In some aspects, the at least one mounting leg is inserted through at least one of the ceiling member or one of the plurality of sidewalls via at least one of the plurality of mounting structures. The duct member may be coupled to a sidewall via at least another one of the plurality of mounting structures.

In some forms, the energy transfer unit or units may be air recirculators. In some examples, the air recirculator may additionally include a heating element at least partially disposed within the housing member. The heating element may be, for example, at least one of an electric and/or a fluid heat source. Other examples are possible.

The modular industrial energy transfer system may include a controller operably coupled to the energy transfer unit or units to control operation thereof. In some approaches, the controller may control characteristics such as activation of the motor, an output of the motor, a fan speed, a heat output, and the like. Other examples are possible.

In accordance with a second aspect, a method of assembling a modular industrial energy transfer system includes providing a shell that includes a number of sidewalls, a ceiling member coupled to the number of sidewalls, and a number of mounting structures disposed along the shell. At least one desired characteristic of the modular energy transfer system is used to identify and select at least one energy transfer unit from a group of selectable energy transfer units. The modular industrial energy transfer system is assembled by mounting the at least one selected energy transfer unit to the shell via at least one of the mounting structures.

In accordance with a third aspect, a method of assembling a modular industrial energy transfer system includes providing a shell having a number of sidewalls, a ceiling member coupled to the number of sidewalls, and a number of mounting structures disposed along the shell. At least one energy transfer unit is coupled to the shell via at least one of the plurality of mounting structures such that the at least one energy transfer unit is partially disposed through the shell to generate an airflow pattern through the interior volume of the shell.

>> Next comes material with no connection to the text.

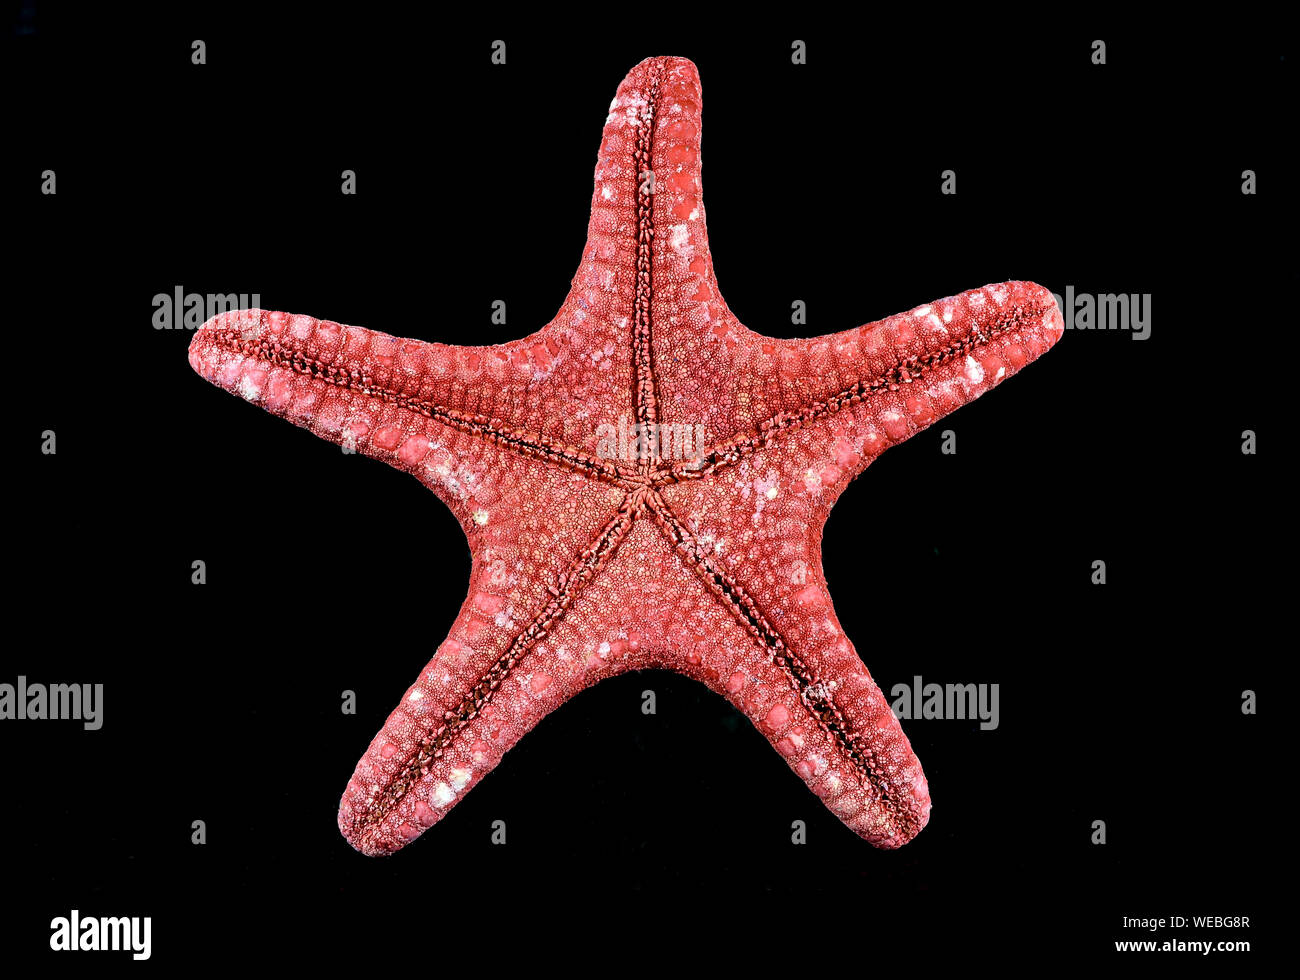 Close-up of the ventral part of a red sea star , marine species , isolated on black background, showing details of the tissue Stock Photo

In accordance with a fourth aspect, a modular energy transfer unit is provided for use in a modular industrial energy transfer system that has a shell defining an interior volume. The modular energy transfer unit includes a base member including a motor and at least one mounting leg coupled to the motor, a housing member including a housing body having a drive opening, a housing inlet, and at least one housing mounting structure, a fan at least partially disposed within the housing member and being operably coupled to the motor via a motor drive shaft, and a duct member operably coupled to the housing member. The at least one mounting leg is operably coupled to the at least one housing mounting structure. The duct member includes a duct body having a duct inlet and at least one duct outlet. A portion of the at least one mounting leg is adapted to operably couple to the shell of the modular industrial energy transfer system to secure the modular energy transfer unit within the interior volume of the shell. Actuation of the motor causes the fan to rotate, thereby causing air in the interior volume of the shell to enter the housing inlet and circulate through the at least one duct outlet.

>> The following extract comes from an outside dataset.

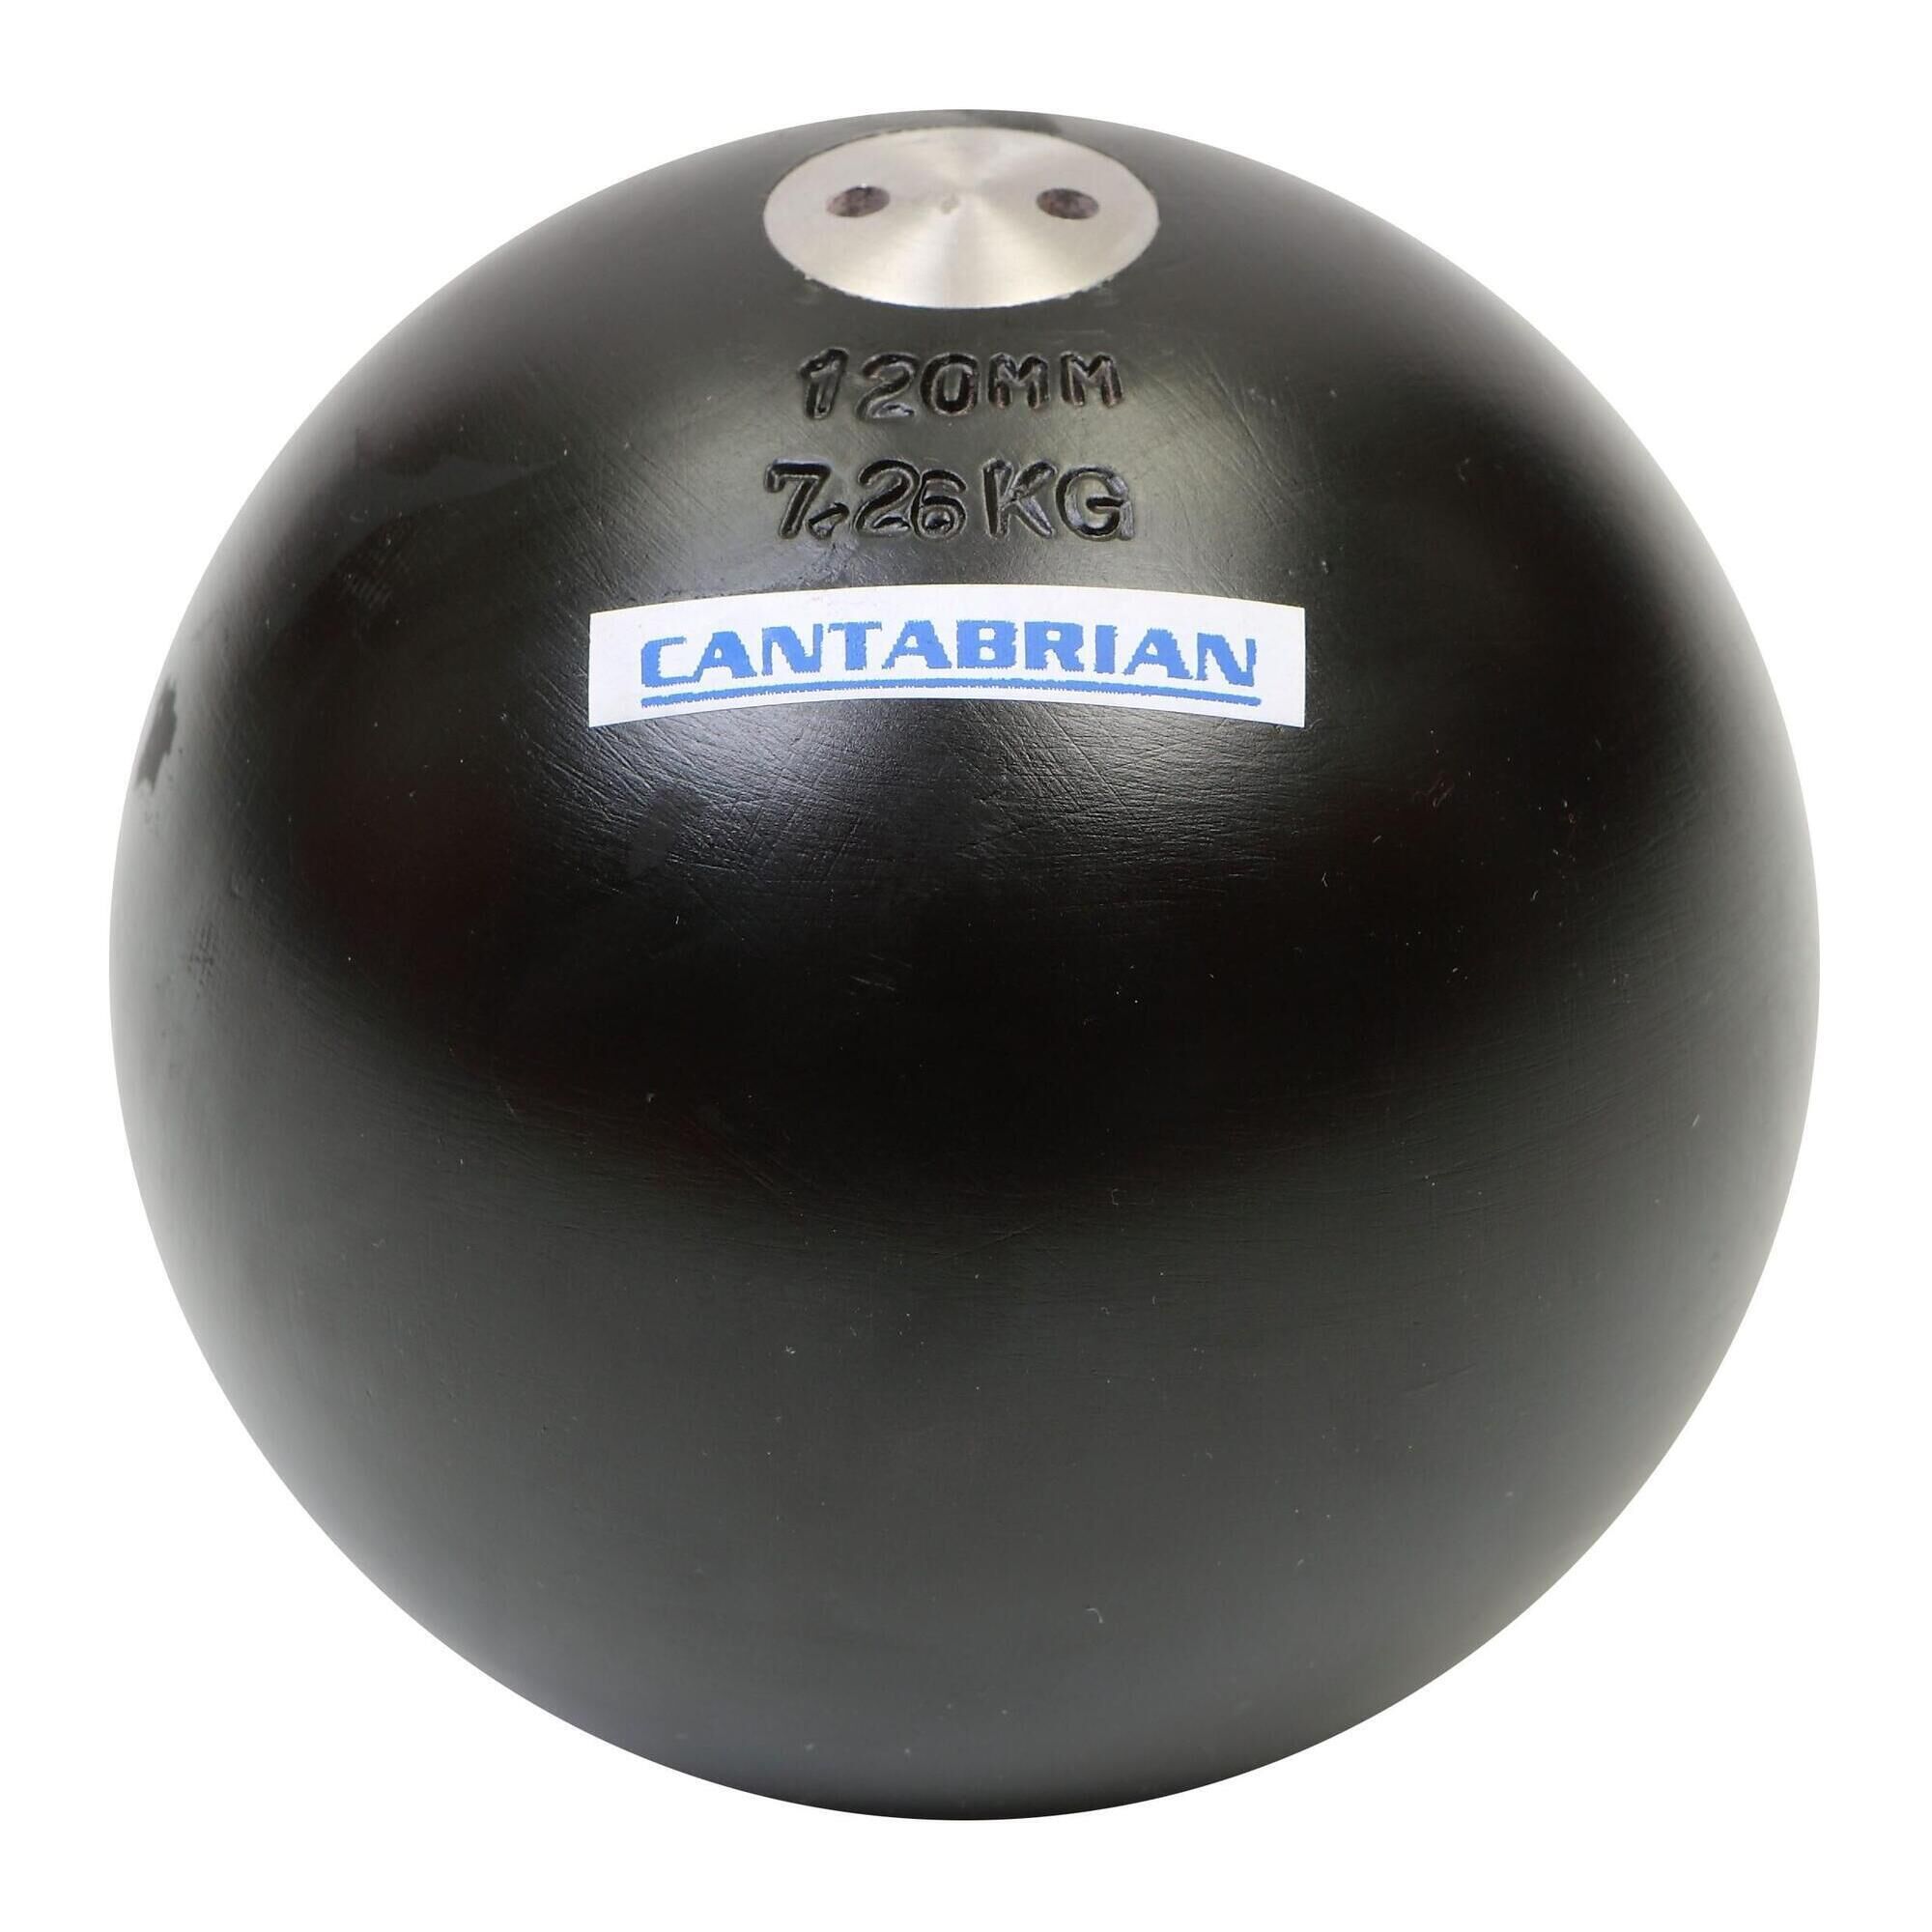 CANTABRIAN Cantabrian Olympic Steel Shot Puts - 108mm dia

The above needs are at least partially met through provision of the modular industrial energy transfer system described in the following detailed description, particularly when studied in conjunction with the drawings, wherein:

FIG. 1 illustrates a perspective view of an example modular industrial energy transfer system having a plurality of energy transfer units in accordance with various embodiments;

FIG. 2 illustrates a side elevation view of the example modular industrial energy transfer system of FIG. 1 in accordance with various embodiments;

FIG. 3 illustrates a perspective view of an example energy transfer unit of the example modular industrial energy transfer system of FIGS. 1 and 2 in accordance with various embodiments;

FIG. 4 illustrates an exploded perspective view of the example energy transfer unit of FIG. 3 in accordance with various embodiments;

FIG. 5 illustrates a cross-sectional perspective view of the example energy transfer unit of FIGS. 3 and 4 in accordance with various embodiments;

FIG. 6 illustrates a perspective view of an example base member of the example energy transfer unit of FIGS. 3-5 in accordance with various embodiments;

FIG. 7 illustrates a perspective view of an example housing member of the example energy transfer unit of FIGS. 3-5 in accordance with various embodiments;

FIG. 8 illustrates a perspective view of an example duct member of the example energy transfer unit of FIGS. 3-5 in accordance with various embodiments;

FIG. 9 illustrates a side elevation view of the example modular industrial energy transfer system of FIGS. 1-8 illustrating an example airflow pattern in accordance with various embodiments;

FIG. 10 illustrates a perspective view of an alternative example modular industrial energy transfer system having a side-mounting arrangement in accordance with various embodiments; and

FIG. 11 illustrates a side elevation view of the example modular industrial energy transfer system of FIG. 10 illustrating an example airflow pattern in accordance with various embodiments.

Skilled artisans will appreciate that elements in the figures are illustrated for simplicity and clarity and have not necessarily been drawn to scale. For example, the dimensions and/or relative positioning of some of the elements in the figures may be exaggerated relative to other elements to help to improve understanding of various embodiments of the present invention. Also, common but well-understood elements that are useful or necessary in a commercially feasible embodiment are often not depicted in order to facilitate a less obstructed view of these various embodiments. It will further be appreciated that certain actions and/or steps may be described or depicted in a particular order of occurrence while those skilled in the art will understand that such specificity with respect to sequence is not actually required. It will also be understood that the terms and expressions used herein have the ordinary technical meaning as is accorded to such terms and expressions by persons skilled in the technical field as set forth above except where different specific meanings have otherwise been set forth herein.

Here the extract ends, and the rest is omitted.